Pick a value that ends up wrong. Put in-kernel printf at various points in your code that display the various values used in calculating that value. To avoid getting overwhelmed with print-out data, only print the components for a single value, e.g. for/from a single thread, using conditional checks before printing, based on block indices and thread indices. If it helps, reduce the problem size to the smallest that still shows calculation errors.

You can also do something similar with cuda-gdb.
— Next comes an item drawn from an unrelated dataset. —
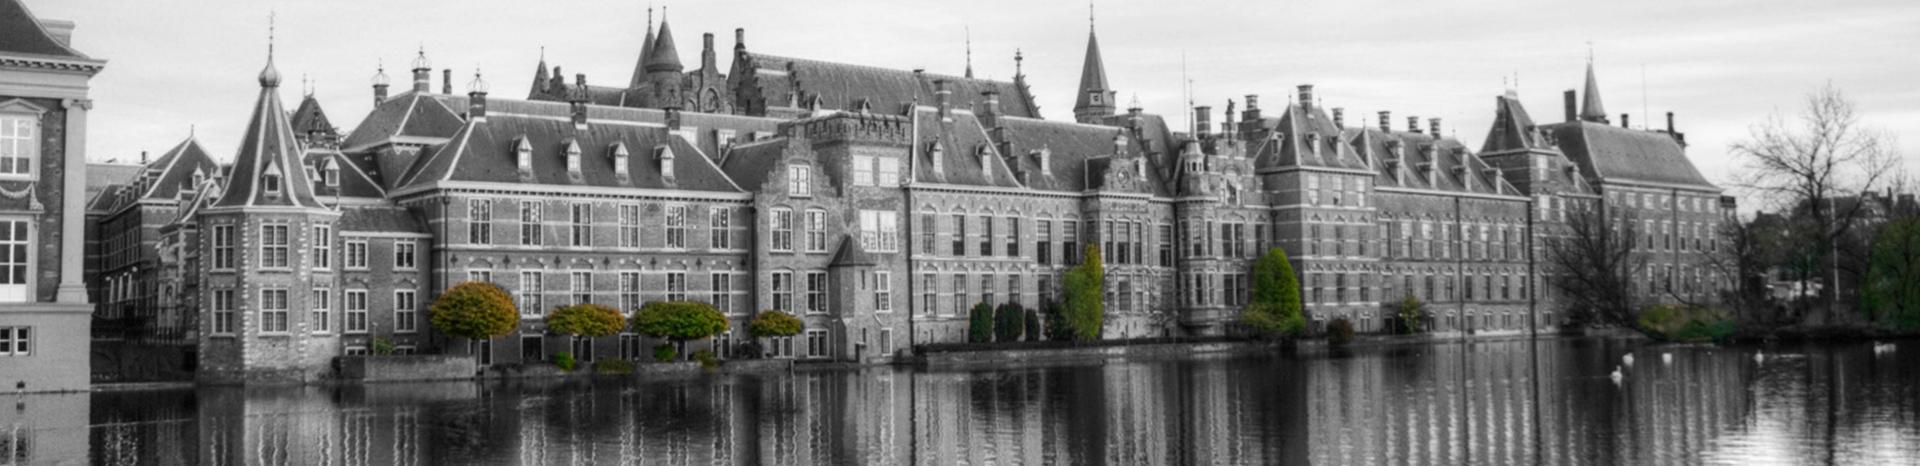 Letselschade advocaat Den Haag | LetselPro

Session 12 of this online tutorial gives enough information to train you to be able to do that. It basically requires knowledge of how to set breakpoints, how to step through code, and how to inspect data, all of which is covered there.

1 Like

Thank you. I was already doing it but reducing it to one single thread helped me find the issue. Thanks again

This topic was automatically closed 14 days after the last reply. New replies are no longer allowed.